Milk is made up of water and tiny globules of fat which have a tendency to stick together and form clumps. When left alone, the fat in a glass of milk taken directly from a cow will separate from the rest of the milk because all of the fat globules will clump together. When cold, this can happen in less than one hour!

You may wonder why the milk we buy in stores does not do this. In fact, the milk that we buy is stores is "homogenized". What this means is that the milk has gone through a process to make all of the fat globules very small and very nearly the same size. This slows down the clumping process and keeps the fat from separating. I think the reason is that big globules rise faster than small globules so that in raw milk the big globules will rise quickly and collect all of the smaller globules as it moves up. Making all the globules tiny and the same size (so that no globule rises too much faster than any other) slows this process down.

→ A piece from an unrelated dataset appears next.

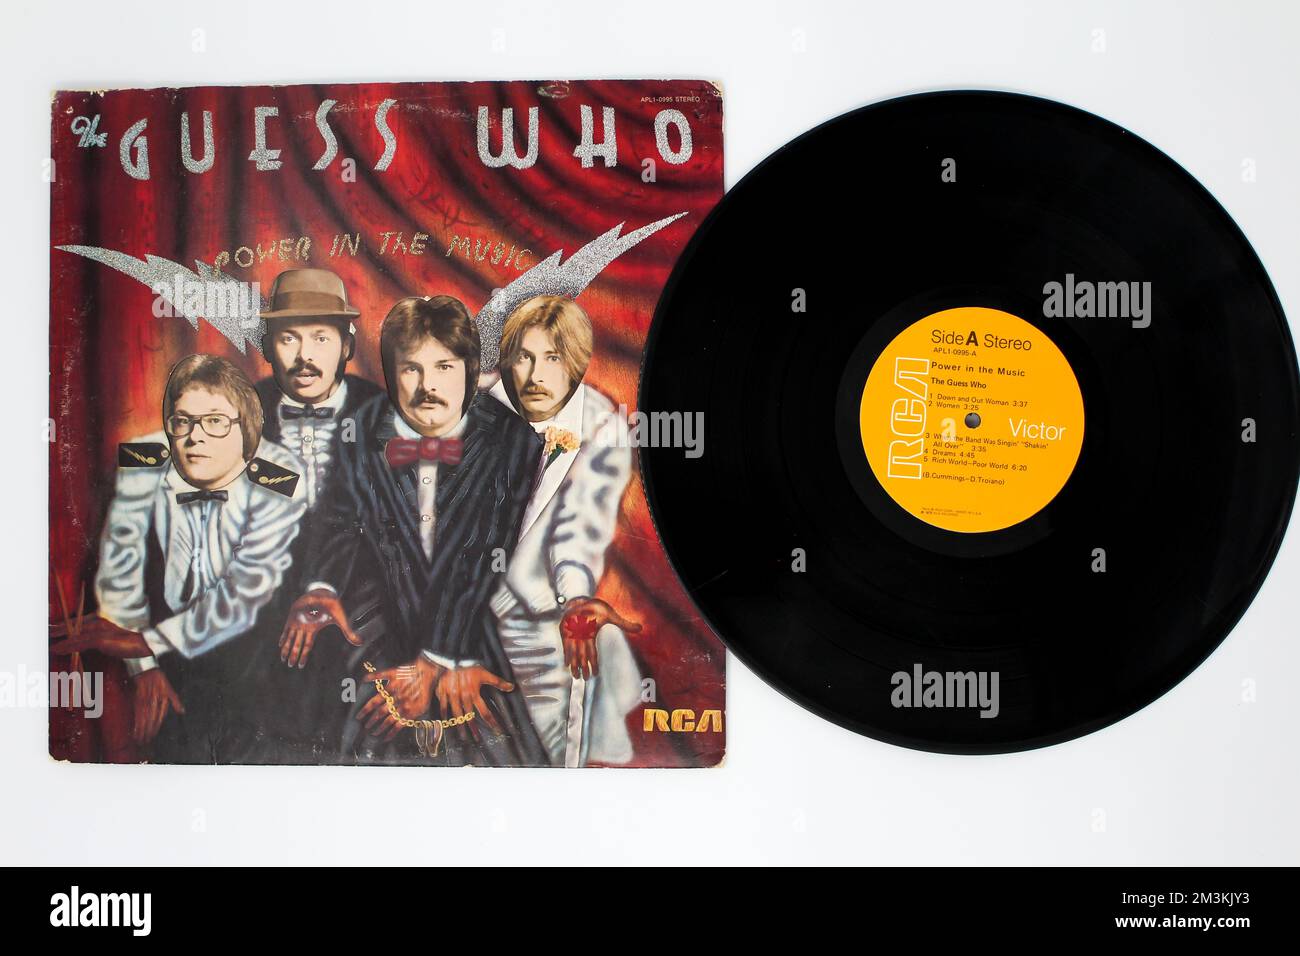 Psychedelic rock and hard rock band, The Guess Who music album on vinyl record LP disc. Titled: Power in the Music album cover. Stock Photo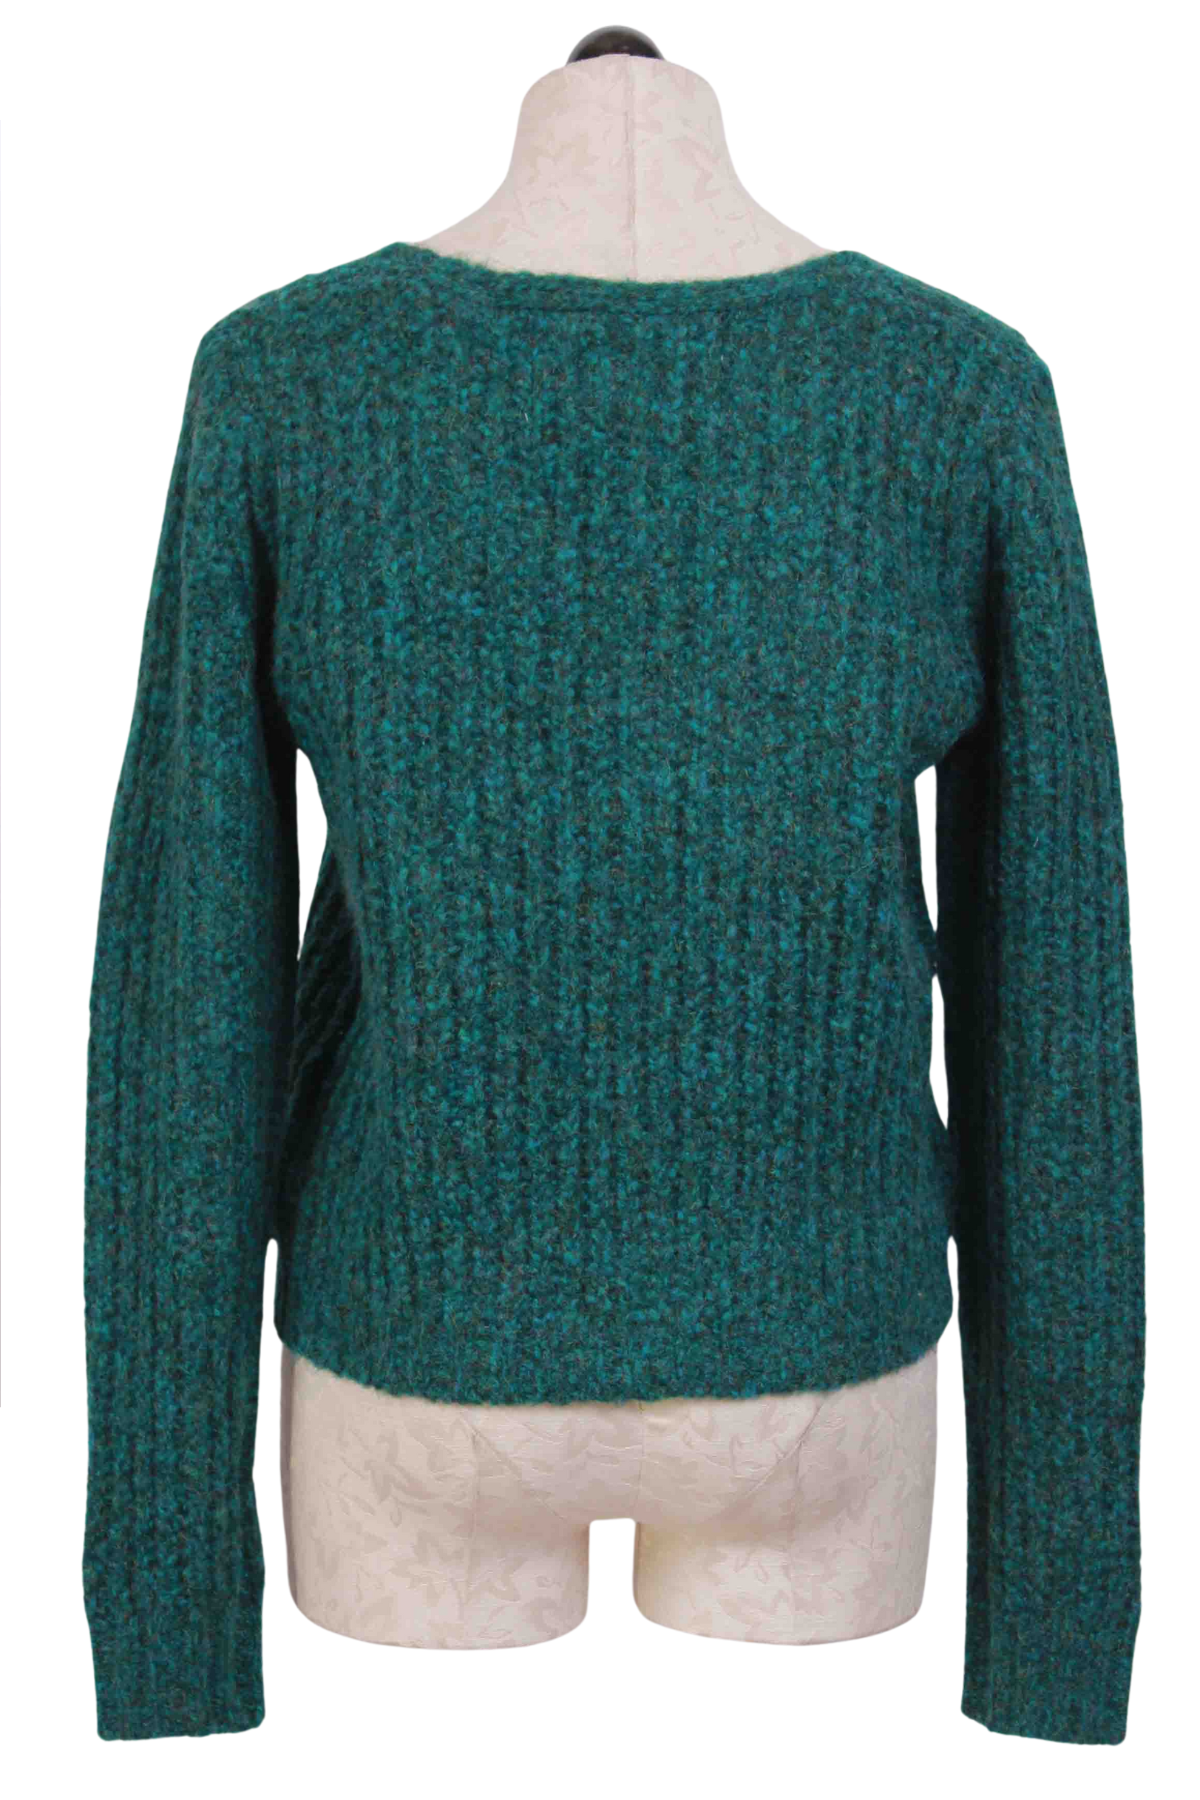 back view of Green V Neck Cable Knit Cardigan by Compania Fantastica

Now on to your question: Shaking tends to bring the globules much closer together than they normally would go. When two globules collide, they tend to clump and pretty soon you have a bunch of big clumps of fat which rise to the top. Butter itself is nothing more than milk fat and salt, with tiny (too small to see) droplets of water.


Answer 2:

"Emulsion" comes to mind when I read your question. I did a search on www.google.com for: butter churning and found this website: here

This site says that butter is a water-in-oil emulsion, comprised of >80% milk fat, but also containing water in the form of tiny droplets, perhaps some milk solids-not-fat. The fat globules of cream seem to get broken down into smaller globules by shaking, and and little watery spheres get trapped in the fat.

I found another site which says that butter is made up of fat, protein, and water. They form an emulsion, which means that you have a mixture of substances that usually don't mix (oil and water).